A cold November breeze tousled my hair, but I didn’t feel it as flames licked my skin at the memory of his mouth on me. Bonfires raged across the clearing, flames clawing skyward and flickering showers of embers that lit up the night.
I stood there, my eyes burning from the smoke and my body buzzing with anticipation as I scanned the painted faces of every criminal faction.
Legacy events took place at the very edge of Jean D’Arc’s boundary line, in a wide-open clearing surrounded by towering pines, their gnarled, skeletal branches twisted upward like grasping hands, clawing at the night sky and strangling every last thread of moonlight. The trees loomed like silent sentinels, casting the clearing in a suffocating, ink-black darkness.
In other words: it kept curious eyes away.
Shadows spilled out thick and heavy along the edges, watching from the tree line like creepy predators. The air was dense with the scent of damp earth, smoke, and copper.
“Welcome to the freakshow,” Penelope uttered and signed at the same time. The skulls painted on people’s faces were a reminder to the legacies, and everyone connected to the mafia, of the skeletons our families had buried.
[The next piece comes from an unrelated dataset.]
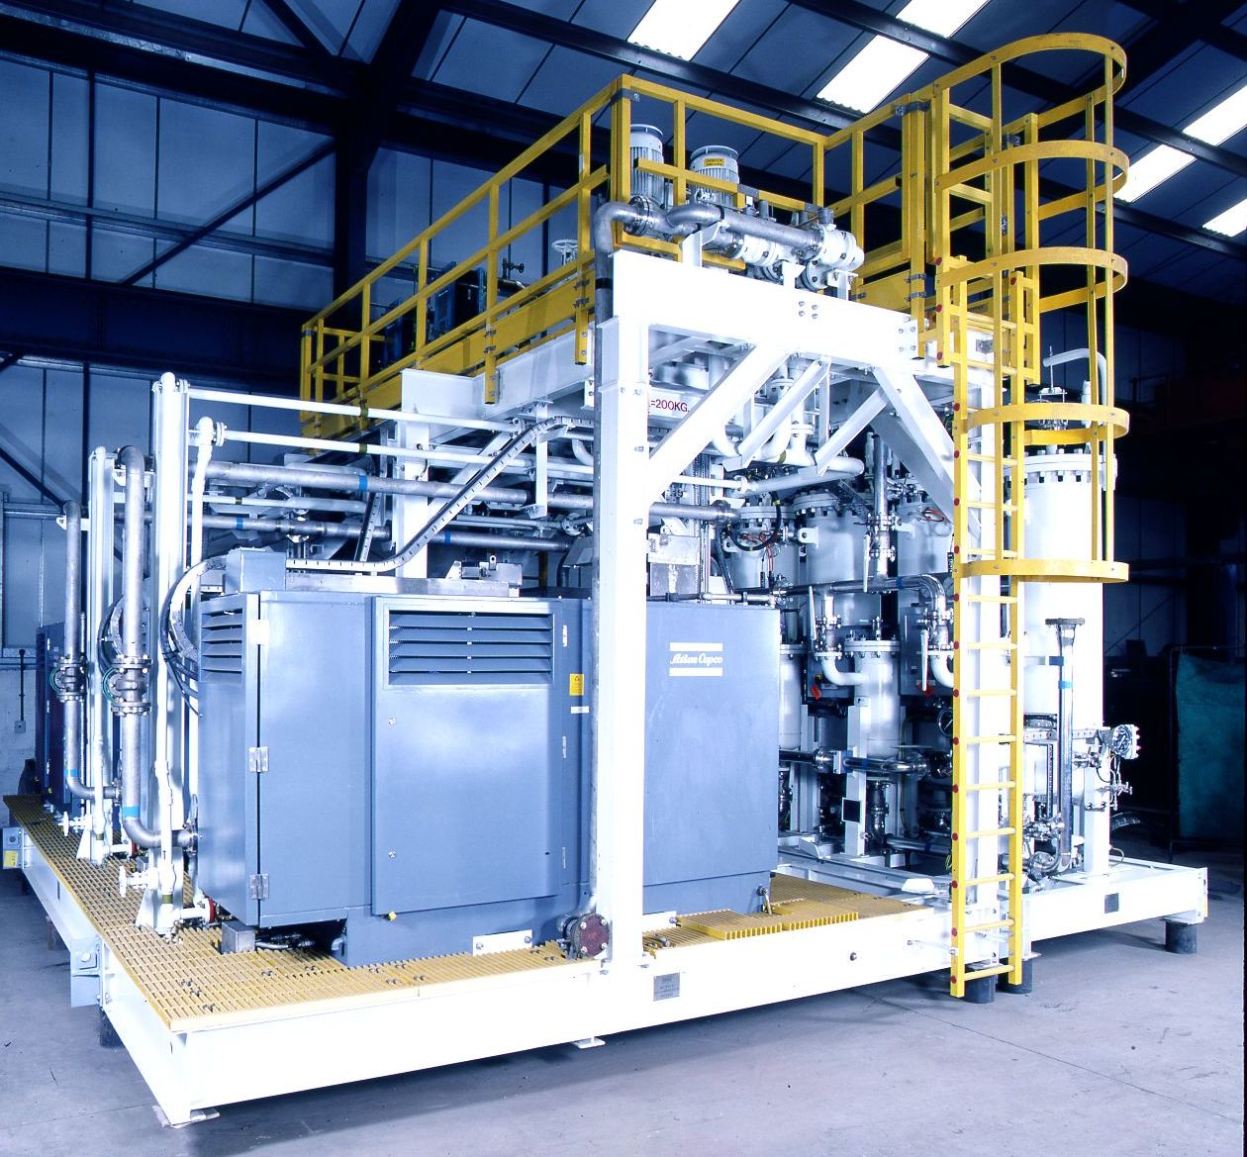 KGD Design & Manufacture Packaged Process Plant Equipment & Pressure Vessels
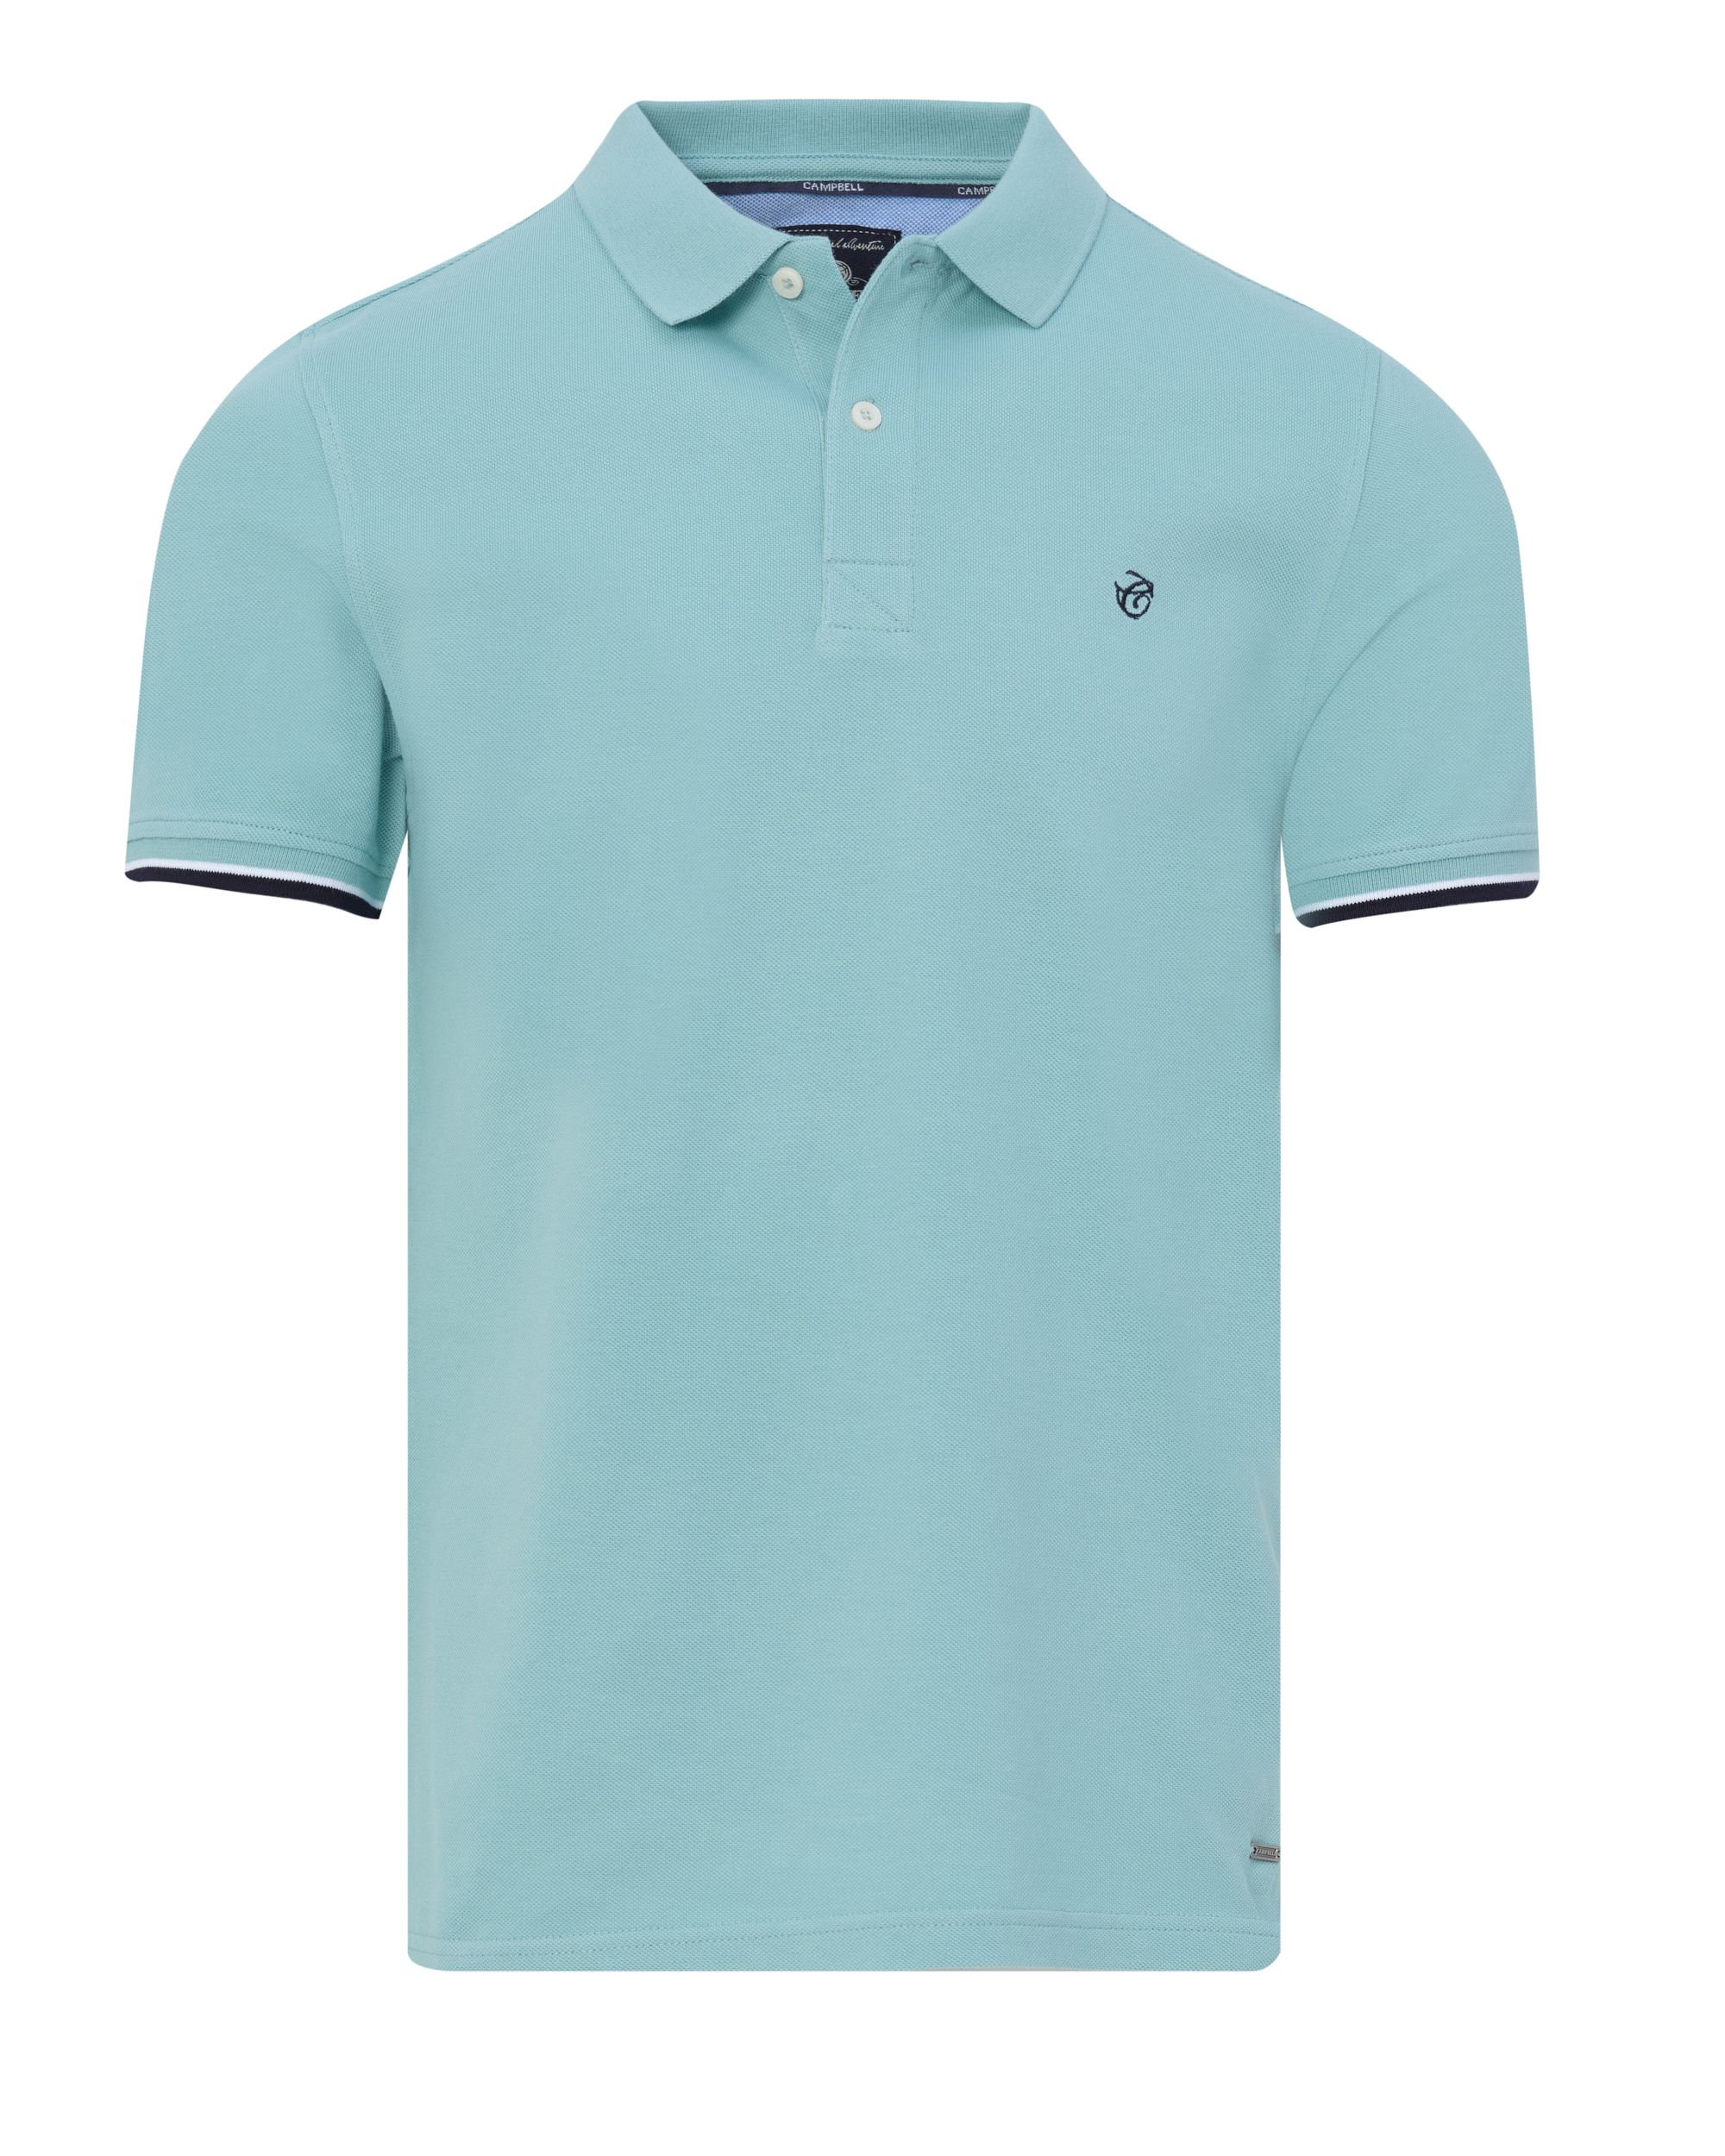 Campbell Classic Leicester Polo KM Aquifer 084379-014-L

My girlfriends and I stood in the forest, watching the scene with the same uneasy feeling we experienced the first time we saw this happen. But instead of walking back to our dorm that was a mere walk away, we stayed glued to our spots.
Anya shot her a look. “We couldn’t let Skye come alone. What kind of friends would that make us?”
I flashed her a grateful look.
“Agreed, but those skulls… fire… it’s all just too much.”
Penelope stared at the skulls with rose thorns that represented the Omertàs. And, given that she was arranged tomarry Enzo Marchetti, who was practically Omertà royalty, I could see why they made her the most anxious. Not that Enzo was present. He never attended D’Arc, but his minions could be present among us.
There were also the black-and-white skulls with golden crowns reserved for the kingpins, as well as masks with silver accents representing the mobsters who fought the Belles and Mobsters agreements two decades ago. The Yakuzas were my least favorite, with their ominous symbols and dark colors.
“Would you rather we leave?” I offered reluctantly.
“No, I’ll get over it.” She shook her head, but I knew Penelope hated any reminder of her impending marriage. “It’s not like he’s even here.”
I nodded in agreement.
“We could still kill him, you know,” Anya grumbled, picking up on our friend’s stress. “It would be easy.”
“I really wish I didn’t hate violence,” Penelope huffed. “But I might have to resort to it.”
“We,” Amara corrected her. “If it comes down to it, we’ll find a way to do it together.”
“We go down together,” I agreed, then gestured toward the clearing. “Maybe we tie him up like that guy and torture him.”
Haunted expressions marred my friends’ faces, all eyes turning on the guy tied to a tree like he was about to be burned at the stake.
I’d seen a version of it play out half a dozen times—some freakish game of cat and mouse would be played until he was caught, and then he’d be killed.
“Do we know who he is?” I signed to my girlfriends.
Penelope shrugged. “Organ trafficker.”
I winced. There’d been more and more cases of attempted kidnapping and organ trafficking lately.
What happened to the Morrellis at the beginning of the semester had been a warning to us all. The group attacked Arianna and kidnapped Hannah, extracting an organ from her body. Thankfully her father had found her before she could be slaughtered for even more organs and left for dead.
It was no wonder the legacies took torturing of the organ traffickers to the extreme, as was evidenced by the man howling in pain and terror, his skin rubbed raw from his restraints.
I wasn’t sure what it said about me, but I couldn’t find it in my heart to protest the cruelty of what was about to happen.
In fact, I was glad for it. Maybe because I grew up in this mafia world or maybe because it was the lesser of two evils. Our families fought fire with fire when it came to human and organ trafficking, knowing that at any moment the world surrounding us could be burned to ash because of it.
So yes, I understood that our friends and families were fighting the battles law enforcement couldn’t.
I suspected my friends felt the same, especially because of how close we were to the Morrelli twins, neither of whom would be returning to D’Arc. Instead, they’d opted to finish their degrees from the comfort of their homes.